** Opening STUDY MATERIAL block **
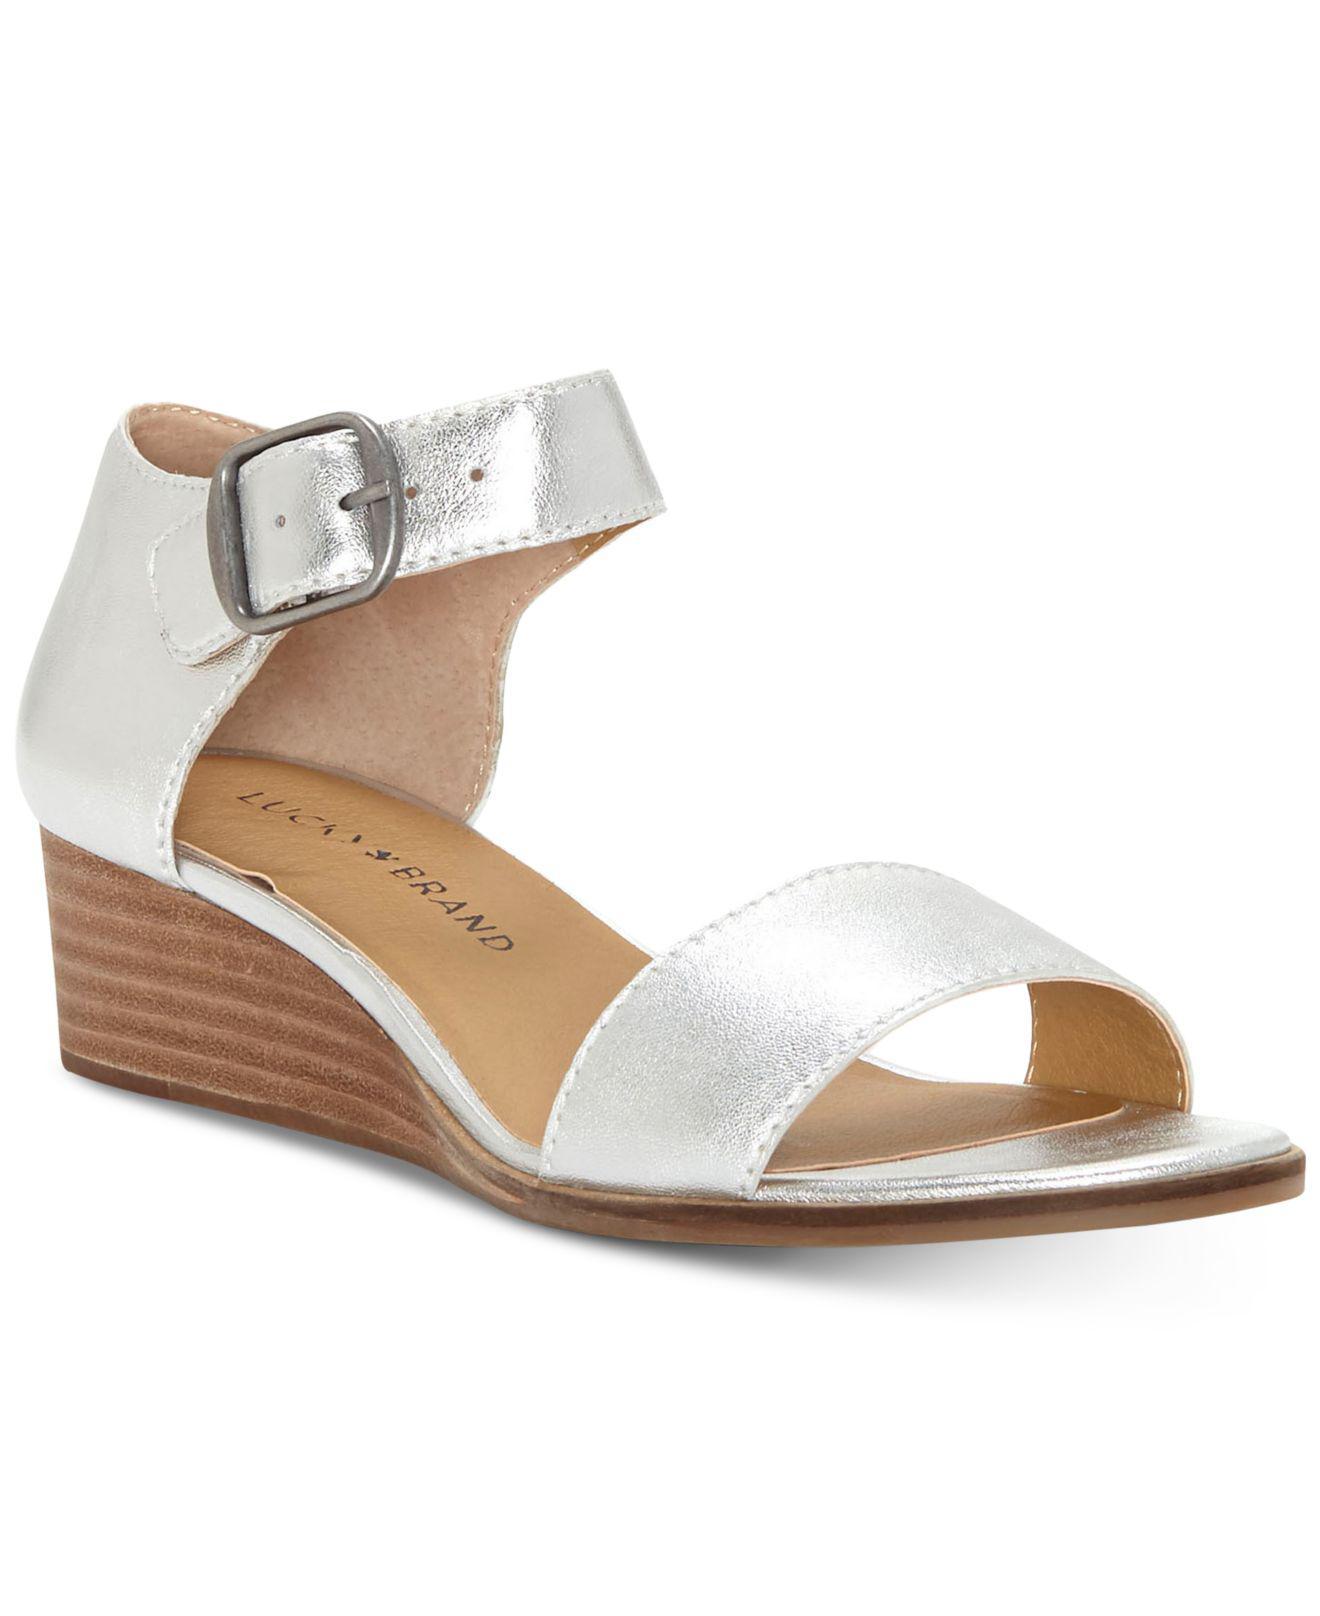 Riamsee Suede Wedge Sandals jM1nnAY
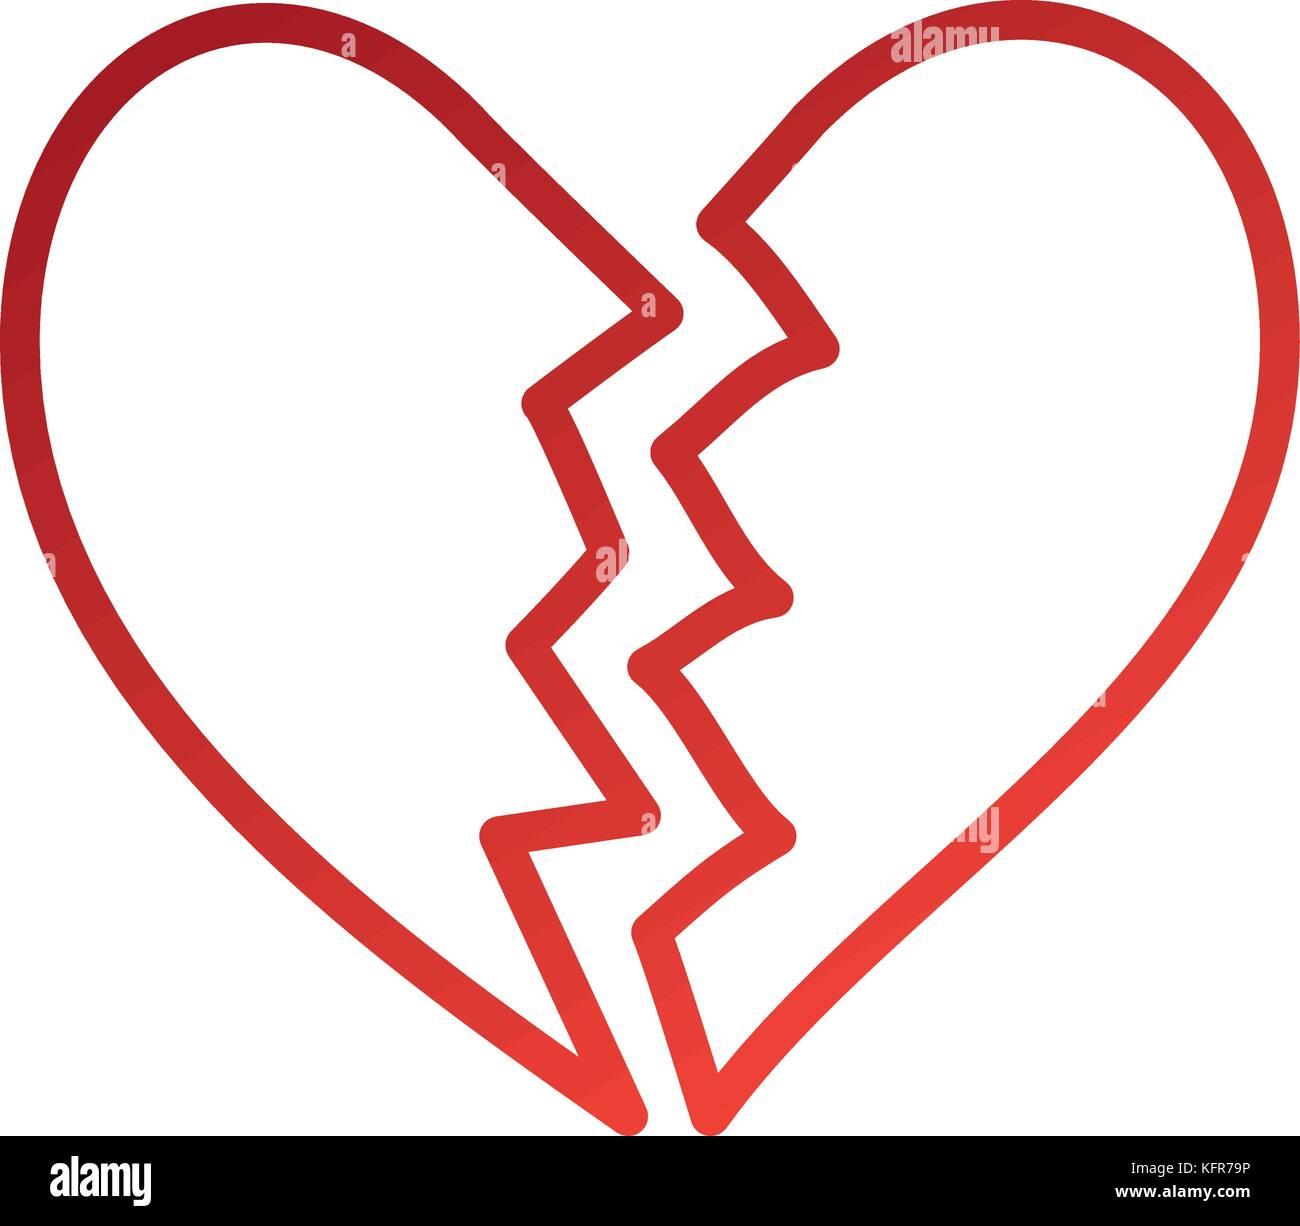 Broken heart icon divorce end of love symbol stock vector art broken heart icon divorce end of love symbol buycottarizona
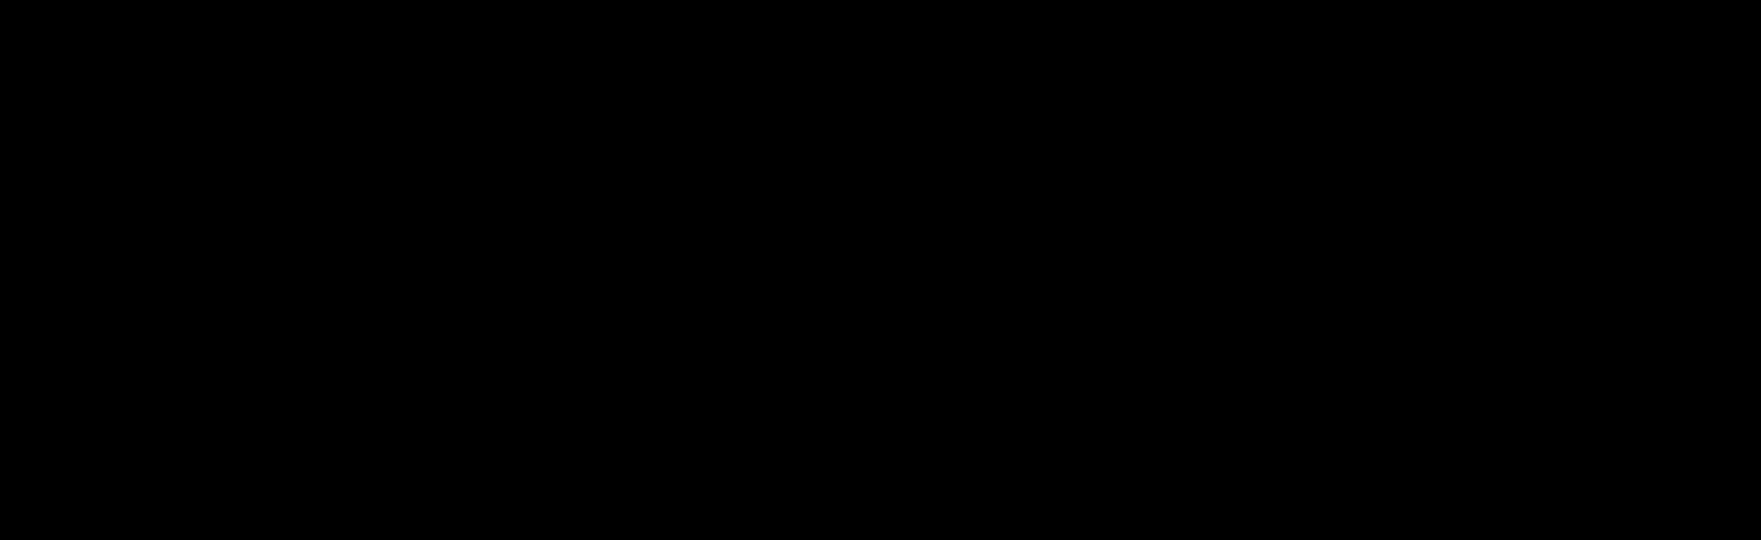 Albendazole-d<sub>3</sub>
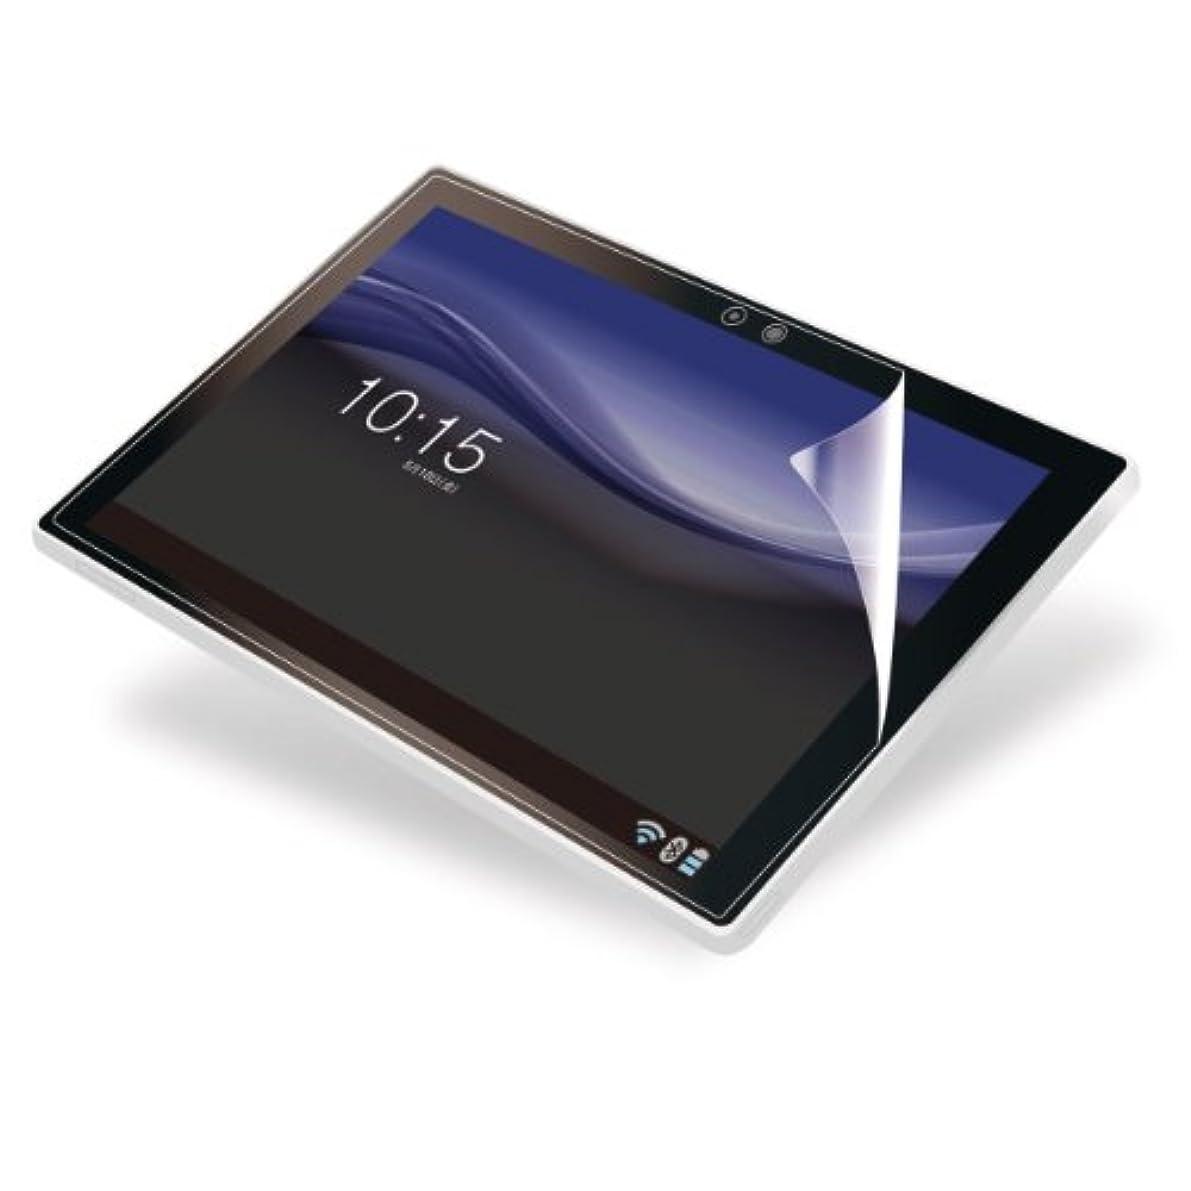 略す斧概要【2013年モデル】ELECOM 液晶保護フィルム SONY Xperia Tablet Z SO-03E 指紋防止 エアーレス 光沢 TBD-SOZ1AFLFAG
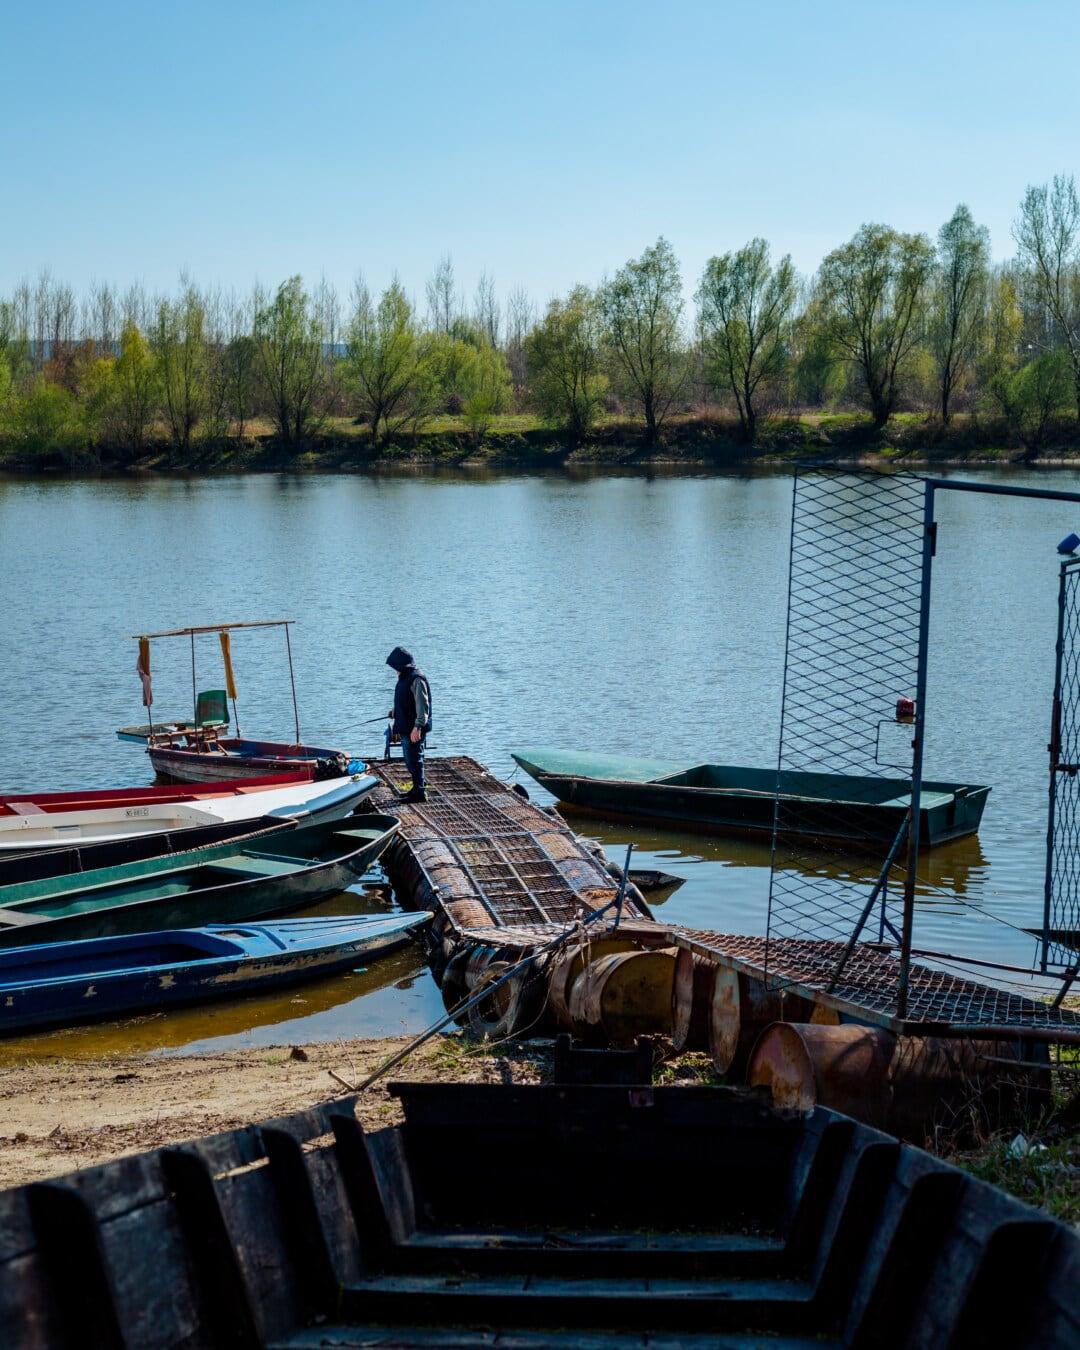 bateau de rivière, pêcheur, pêche, bateaux, des loisirs, printemps, rural, embarcation, bateau, eau
** Closing STUDY MATERIAL block **
WHAT NEEDS TO BE DONE — Give back each line above exactly, with pictures dropped.

YOUR SOLUTION —
 Riamsee Suede Wedge Sandals jM1nnAY
 Broken heart icon divorce end of love symbol stock vector art broken heart icon divorce end of love symbol buycottarizona
 Albendazole-d<sub>3</sub>
 略す斧概要【2013年モデル】ELECOM 液晶保護フィルム SONY Xperia Tablet Z SO-03E 指紋防止 エアーレス 光沢 TBD-SOZ1AFLFAG
 bateau de rivière, pêcheur, pêche, bateaux, des loisirs, printemps, rural, embarcation, bateau, eau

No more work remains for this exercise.